- Born: 31 August 1942 Barbheta, Assam, India
- Died: 16 December 2009 (aged 67)
- Education: Clare College, University of Cambridge (PhD)
- Employer: World Bank International Monetary Fund Centre for Strategic and International Studies
- Known for: Fiscal Policy
- Board member of: International Monetary Fund

= Jitendra Gopal Borpujari =

Indian economist

Jitendra Gopal Borpujari (31 August 1942 – 16 December 2009) was an economist on the executive board of the International Monetary Fund from 1996 to 2005, and the Principal Economist of the Socio-Economic Data Division at World Bank.

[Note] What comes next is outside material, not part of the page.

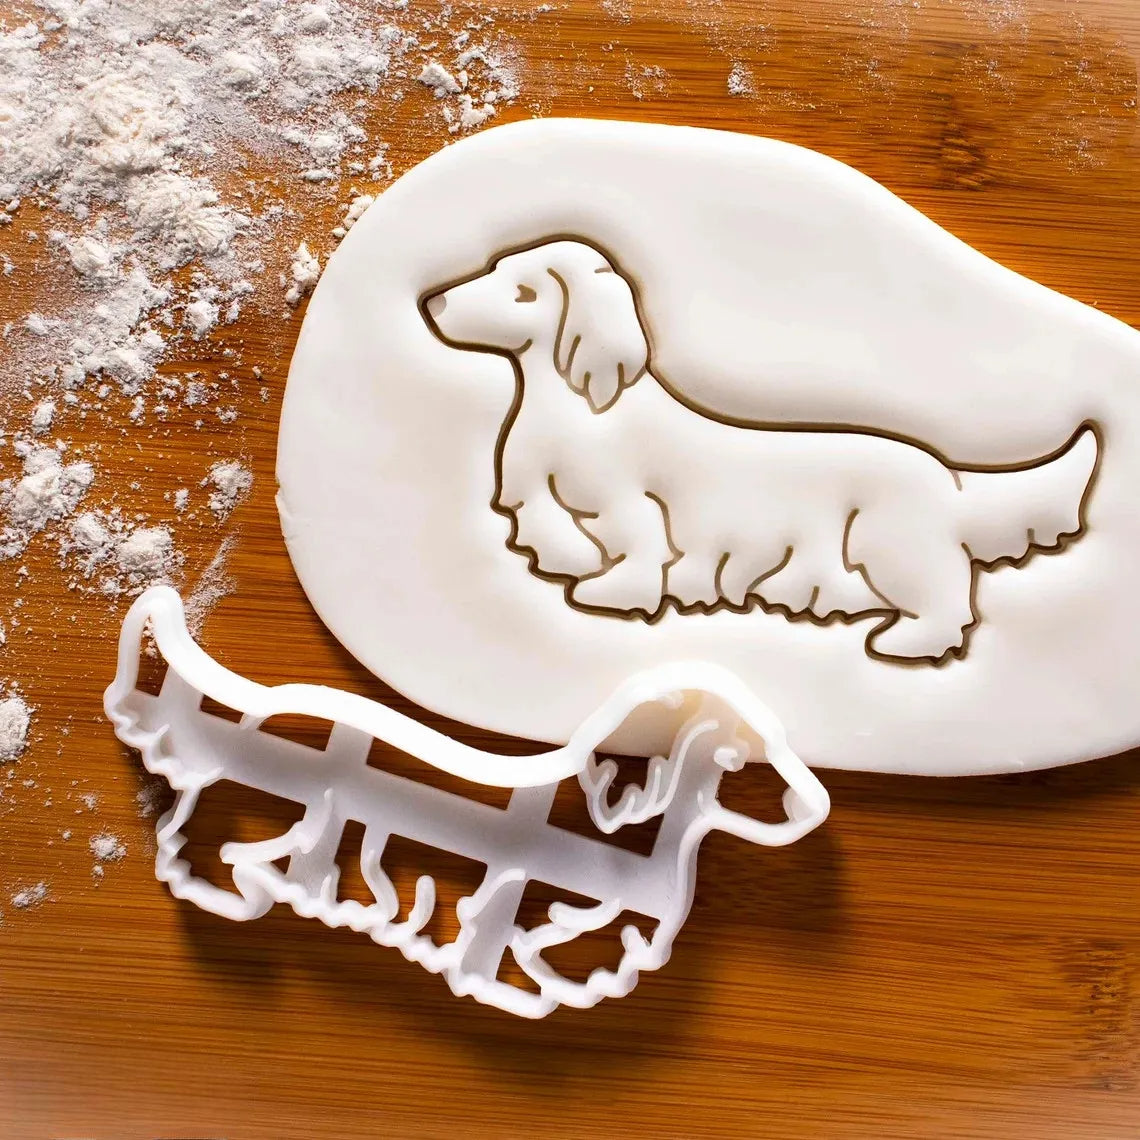 Long Haired Dachshund Cookie Cutters | The Best Dachshund Gifts

His initial research focused on the effect of British policies on the Indian economy, which later progressed to research on fiscal policy for developing economies.

== Education ==
Jitendra was born in Barbheta in Jorhat district of Assam, India. He attended the Jorhat Government High School and Cotton College, matriculating in 1958 and 1960, respectively. He pursued an Economics Honours from Madras Christian College and a Masters in Economics from Delhi University. He secured a Commonwealth Scholarship to pursue his PhD from Clare College, Cambridge University, UK and graduated in 1969. He joined World Bank as an economist shortly after receiving his doctorate.